Sucede que una noche en la que la señora Black, harta de su esposo, lo echa finalmente de la casa (al menos para que reaccione o pronuncie una palabra), el bueno de Walter encuentra en la basura a ese castor, tan solo y abandonado como él. Bastará que Walter fracase en su torpe intento de suicidio para que llegue a la conclusión de que quien lo ha salvado ha sido ese títere que lleva en su mano izquierda y que de ahí en más nunca dejará de acompañarlo, ni siquiera bajo la ducha. El castor, sin embargo, se convierte en algo más que en su salvador: llega a ser su alter ego, la voz que a Walter le faltaba, con la cual es capaz de decir cosas –sobre la vida, el trabajo y la familia– que ni él mismo sabía que era capaz de pronunciar.
Que en un principio Walter y su castor regresen a casa, se ganen de nuevo la confianza de su mujer y de su hijo menor (con el otro no hay caso) y hasta puedan asumir la dirección de su empresa –una fábrica de juguetes, nada menos, de pronto exitosa bajo la nueva conducción bipartita–, no oculta el hecho de que en algún momento todo ese súbito, artificial paraíso comenzará a derrumbarse.

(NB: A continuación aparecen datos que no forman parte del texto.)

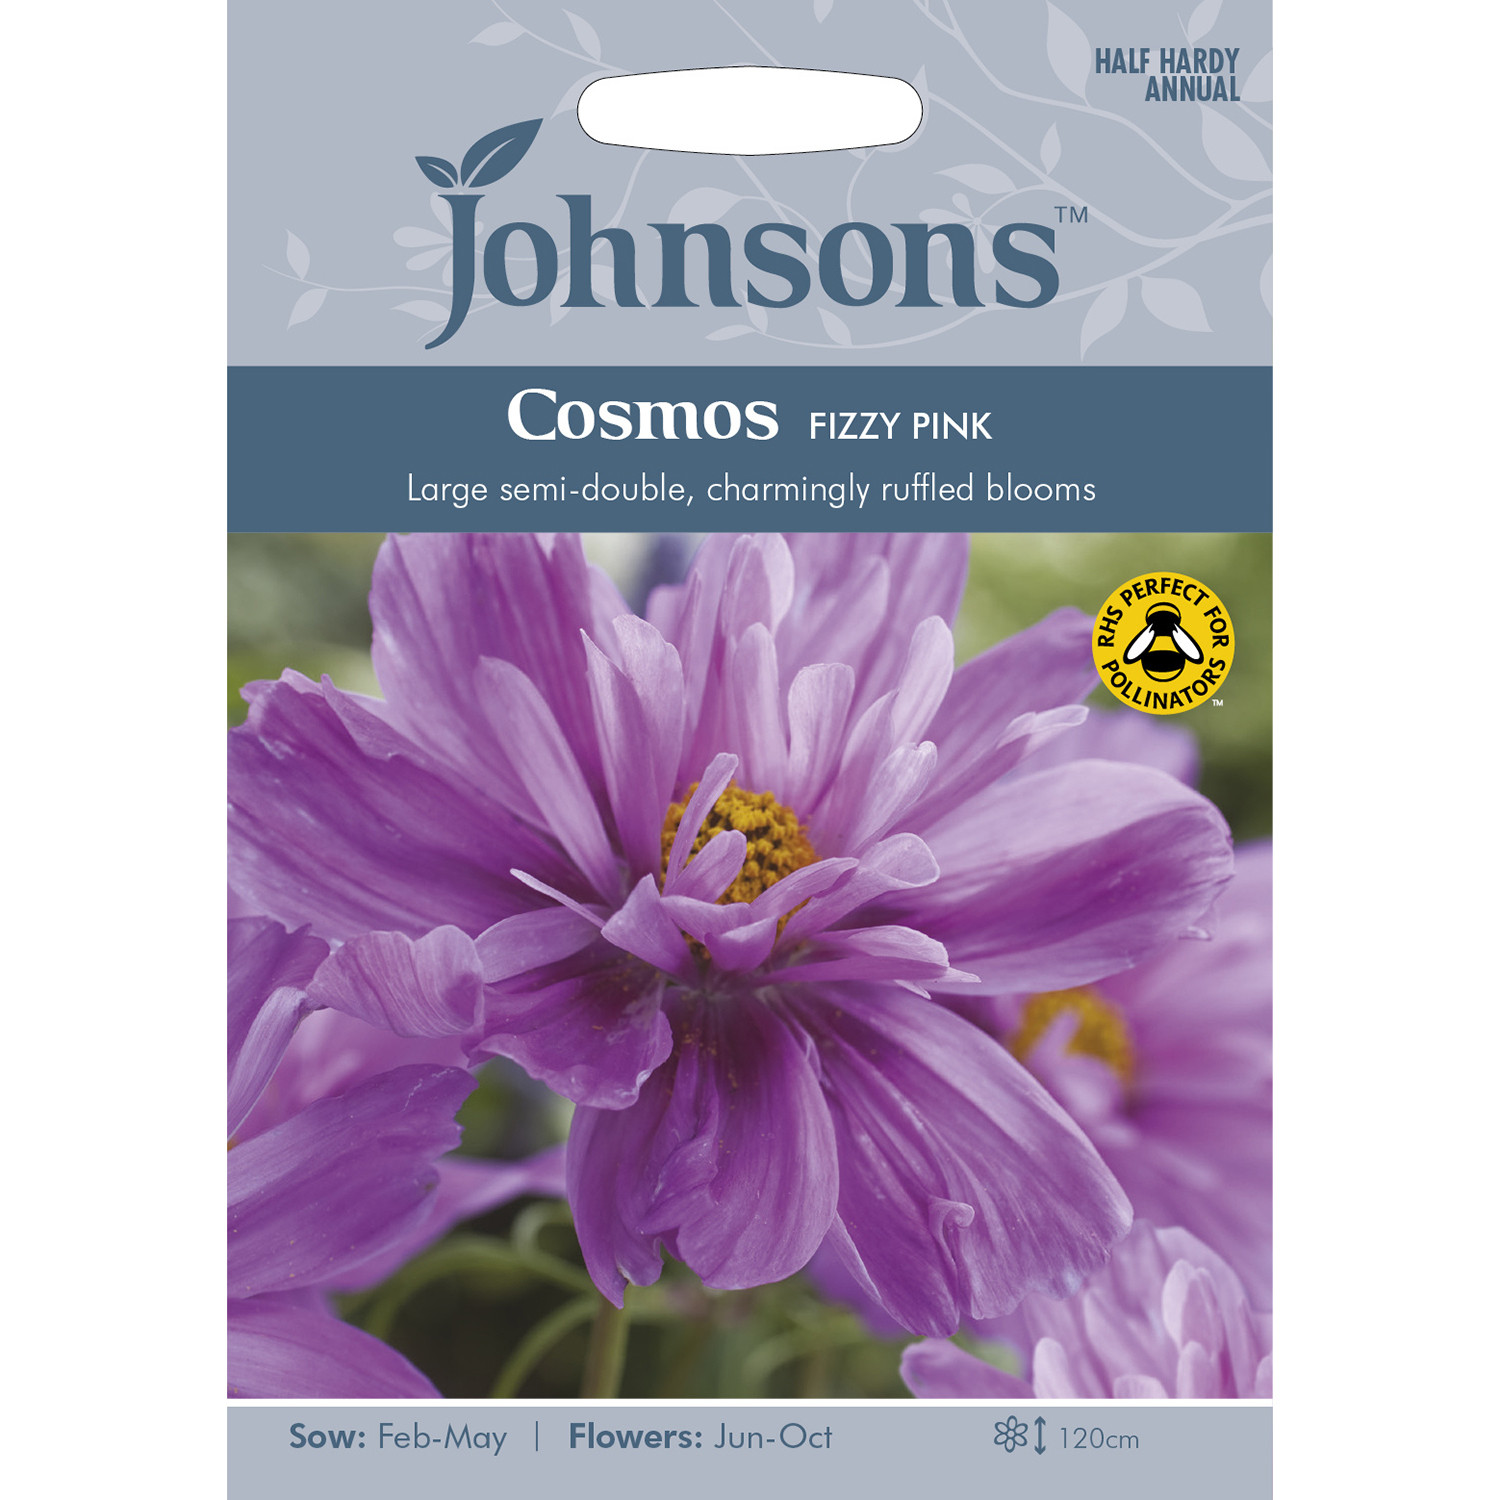 Johnsons Cosmos Fizzy Pink Flower Seeds Image 2

El títere –que comparte incluso los momentos más íntimos, como ese extraño ménage-à-trois que conforma en la cama con Walter y su mujer– irá tomando posesión del señor Black, un poco en la mejor tradición de Al caer la noche (1945) y Magia (1978), donde el ventrílocuo pasa a ser víctima de su muñeco.

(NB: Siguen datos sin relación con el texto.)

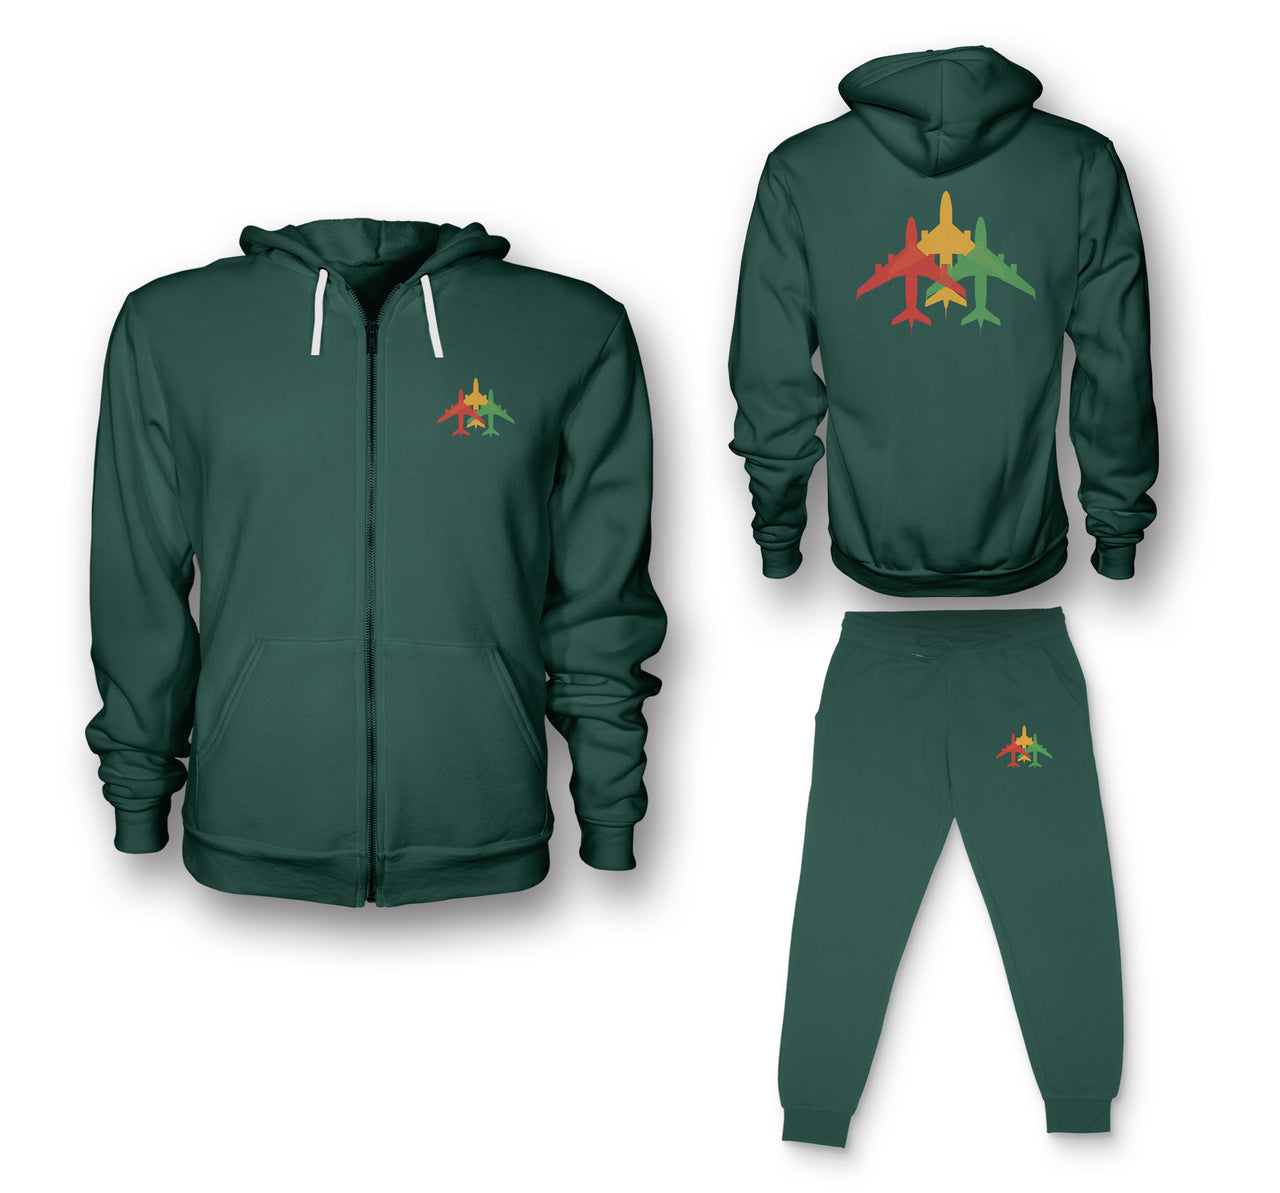 Colourful 3 Airplanes Designed Zipped Hoodies & Sweatpants Set

Es una pena que el film de Foster, que como directora había probado –en Mentes que brillan (1991) y Feriados en familia (1995)– tener una aguzada sensibilidad para retratar mundos familiares poco convencionales, se deje ganar por una subtrama del guión que, como el castor del título, poco a poco se va apropiando de la película hasta eclipsar la trama principal. En esta segunda película dentro de la primera, el hijo mayor de Walter (el anodino Anton Yeltin) también se empeña en descubrir su propia voz, y no solo la suya, sino también la de la chica de la cual se ha enamorado (Jennifer Lawrence, la protagonista de Lazos de sangre). Pero en esta zona de la película todo es tan lineal, tan previsible, tan moralista que parece colocado allí expresamente para morigerar los efectos nocivos que pudiera tener el otro costado de La otra vida de Walter, aquella donde el castor en cuestión causa estragos en todos los sentidos, al punto de que por momentos no se sabe si se está asistiendo a una farsa de humor negro o a la punta del iceberg de un film de terror.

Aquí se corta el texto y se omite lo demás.